Music has a way of giving us hope and healing our hearts, heart, then and now.

Captured by Nazis during WWII and shuffled among prisons in Scotland, Belgium, and England, young Jurgen Moltmann witnessed the horror of invasion and endured hardships of little food, no heat, and constant illness. Many fellow soldiers despaired.

“I saw how other men collapsed inwardly, how they gave up all hope, sickening for the lack of it, some of them dying. The same thing almost happened to me,” Phillip Yancy quotes Moltmann in his book Experiences of God.

What saved Moltmann?
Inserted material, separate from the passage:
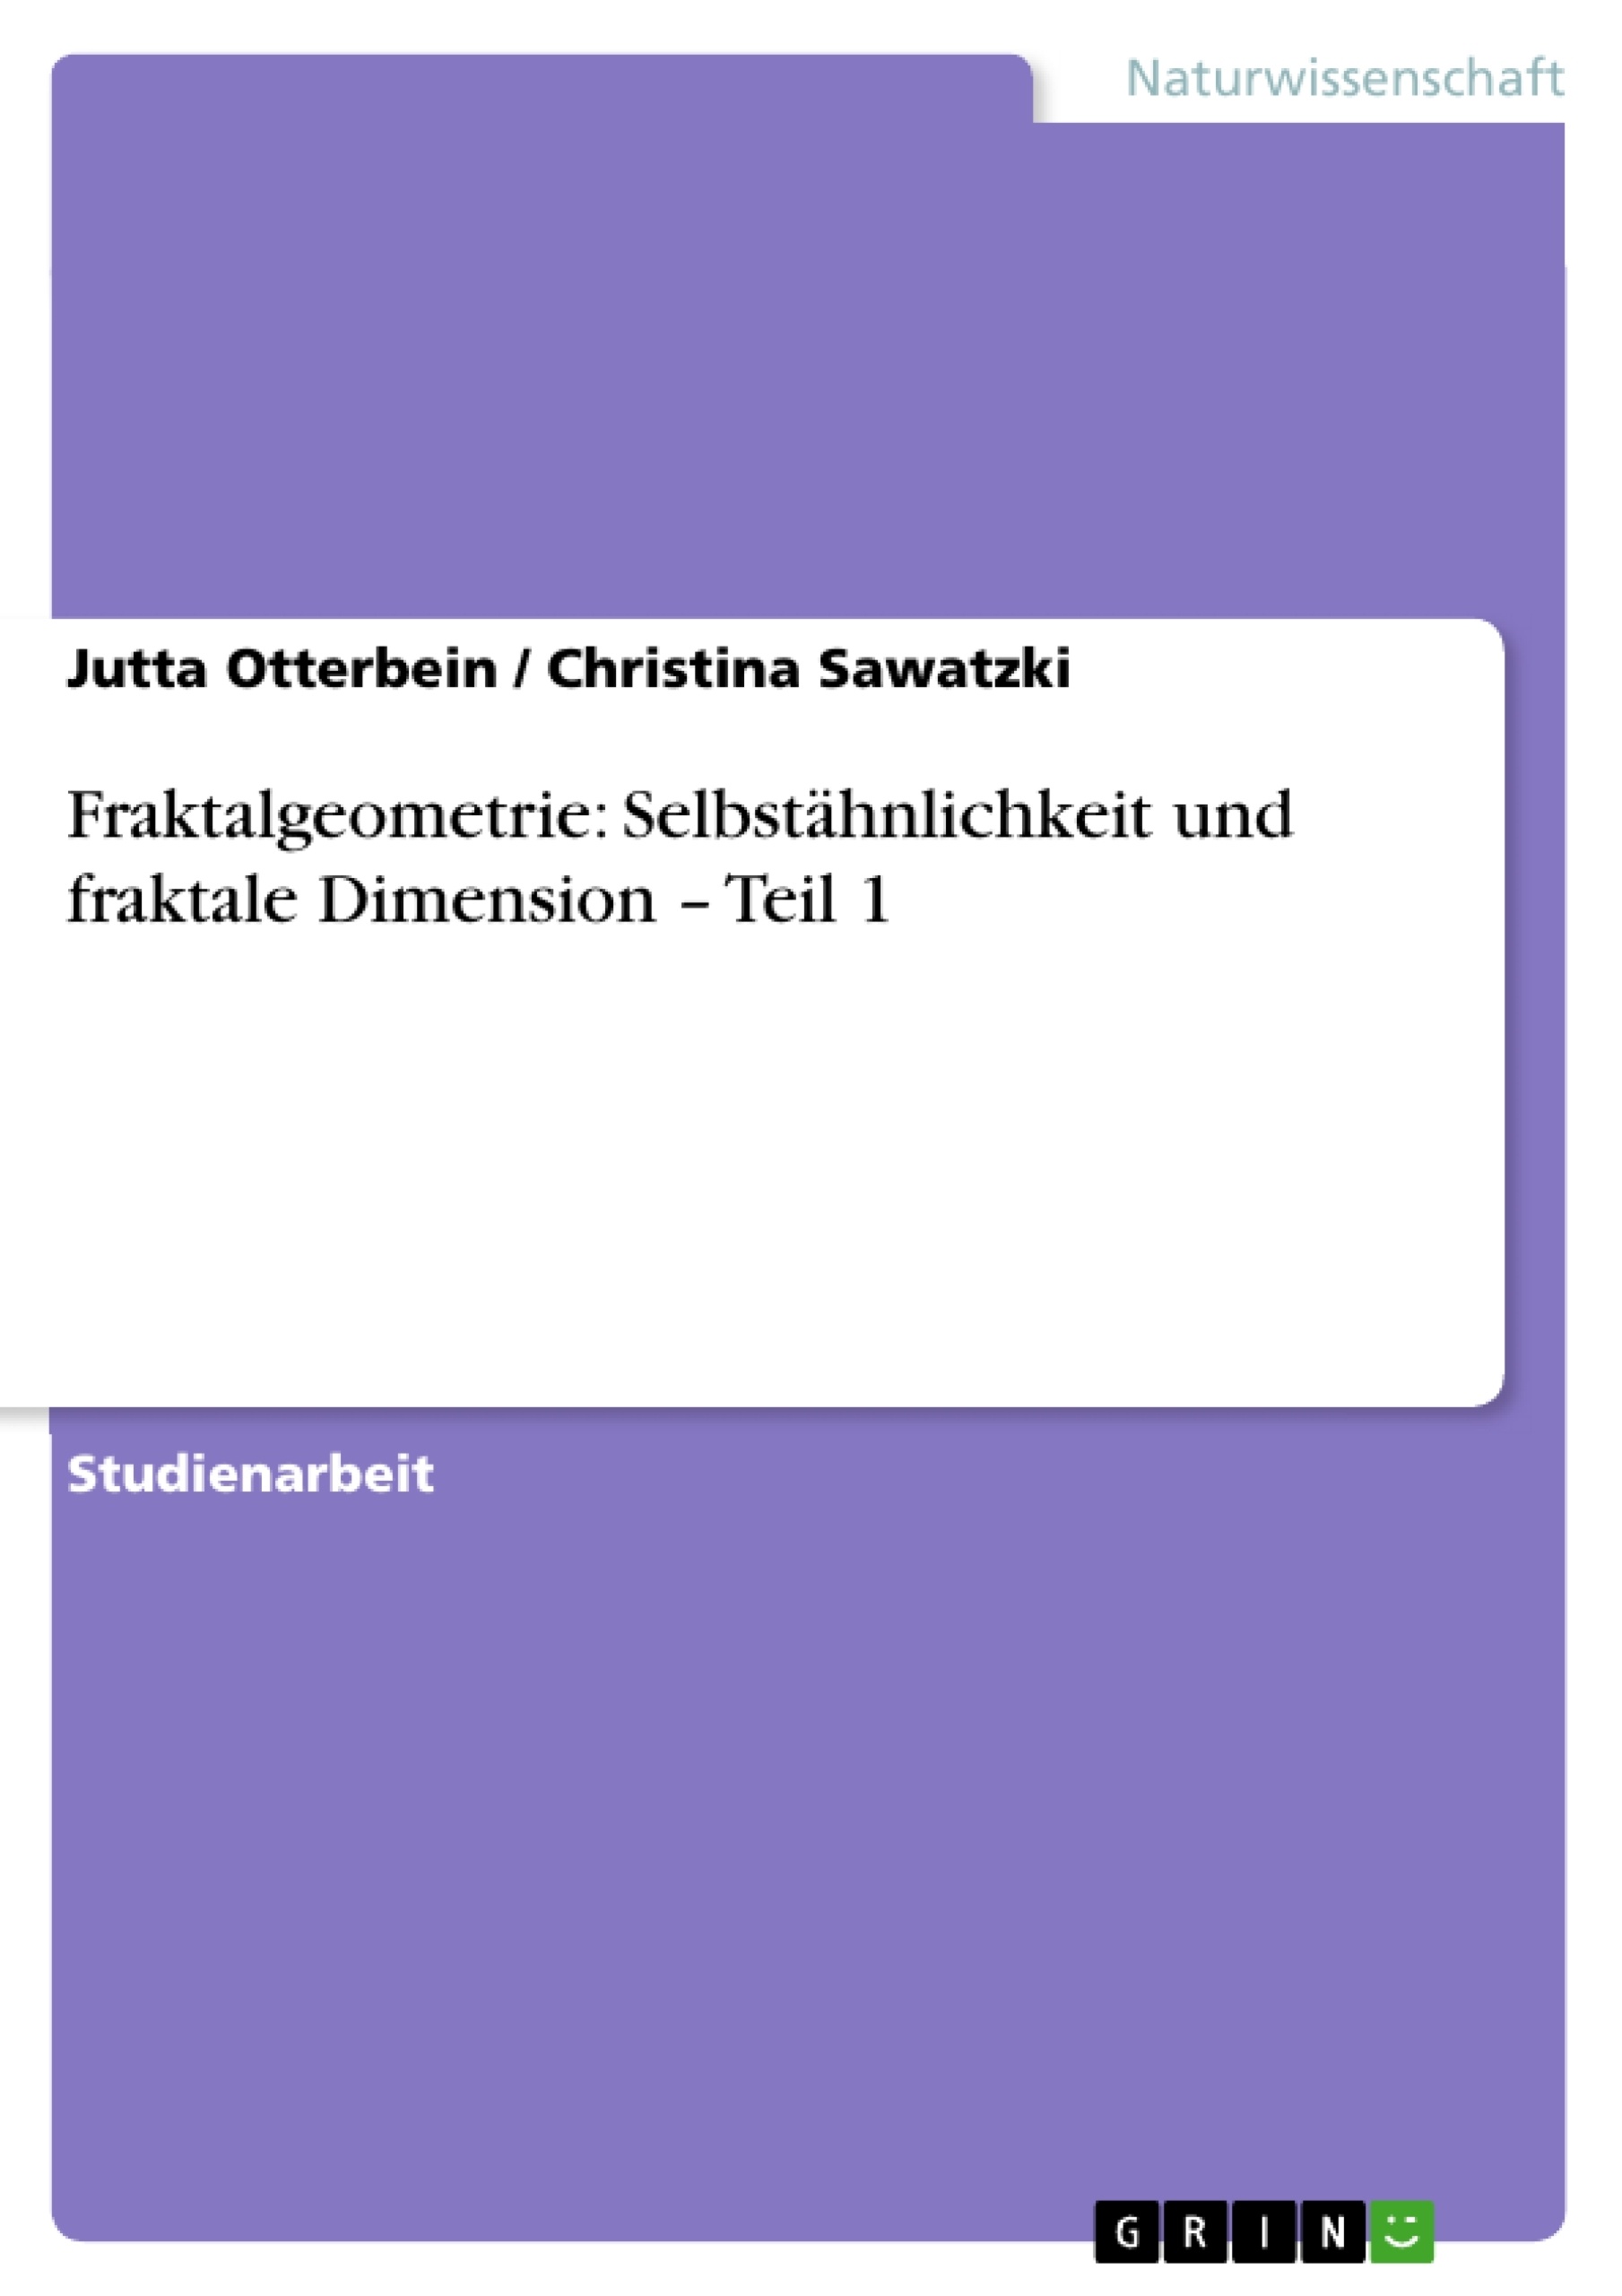 Título: Fraktalgeometrie: Selbstähnlichkeit und fraktale Dimension – Teil 1
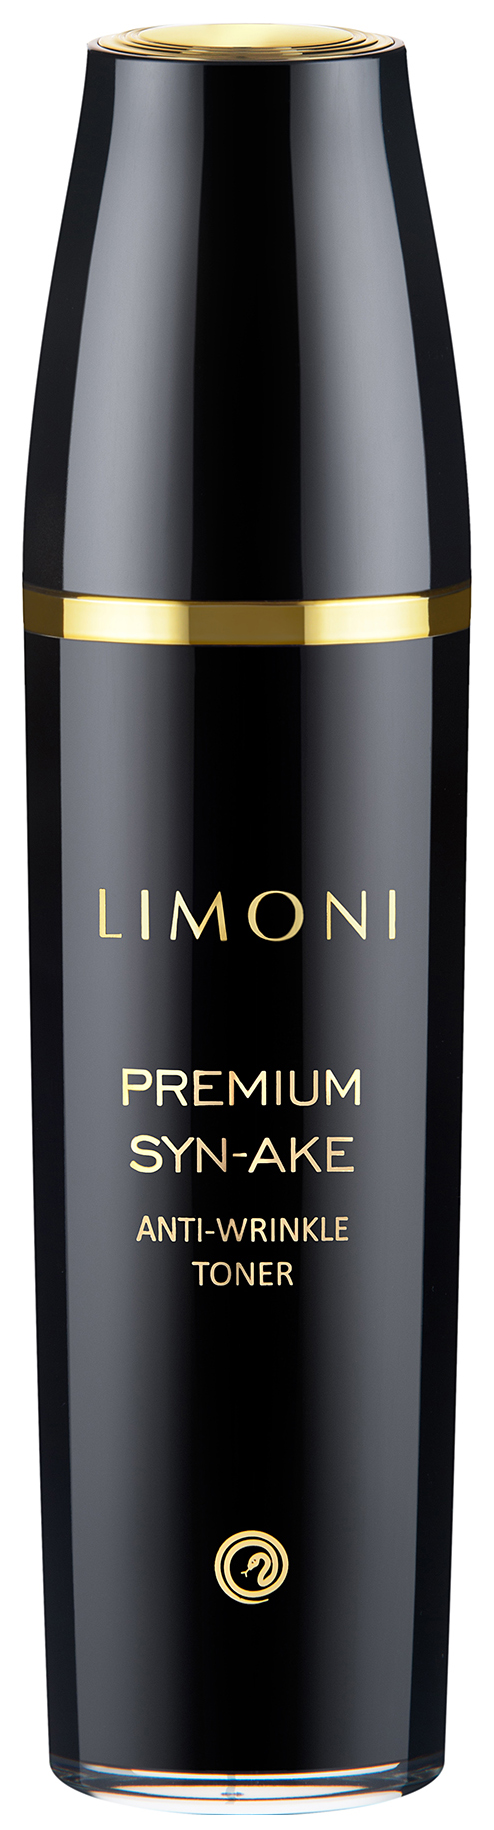 Тонер для лица Limoni Premium Syn-Ake Anti-Wrinkle Toner 120 мл limoni увлажняющий бб крем для лица moisture bb cream spf 27 тон 02 15 мл

What gave him hope? The Psalms.

They were included in a New Testament that an army chaplain gave him and opened his eyes to “the God who is with those ‘that are of a broken heart.'”

After his release in 1948, he left his field of physics and became a leading theologian, known best for his book The Theology of Hope.

Sweet Song of Hope

In my thirties, a dark cloud descended on me out of the blue. Fear then depression. I was a mess.

I asked, “Why God?” and stuttered prayers.

All alone–this is how I felt though my biblical beliefs spoke “Immanuel–God with us.”

It’s no wonder my thinking sunk into the swamp of negativity.

What saved me? What have me hope?

Modern-day “psalms.” The lyrics and melodies of Amy Grant, Steve Green, Michael Card, Vineyard, Twila Paris, and Steven Curtis Chapman–among others–helped to renew my thinking and pull me through.

Yes, I read the Bible and prayed and attended church–all the things of “good Christian girls.” But music grew my hope the best. It healed my heart. It provided the expectation of better times and God’s goodness.

Find GOD's Freedom from Anxiety

 Get My FREE Anxiety Helper Pack!

Choice is a wonderful gift from God. You do NOT have to be stuck in self-focused anxiety. You can find God’s freedom.

You have Successfully Subscribed!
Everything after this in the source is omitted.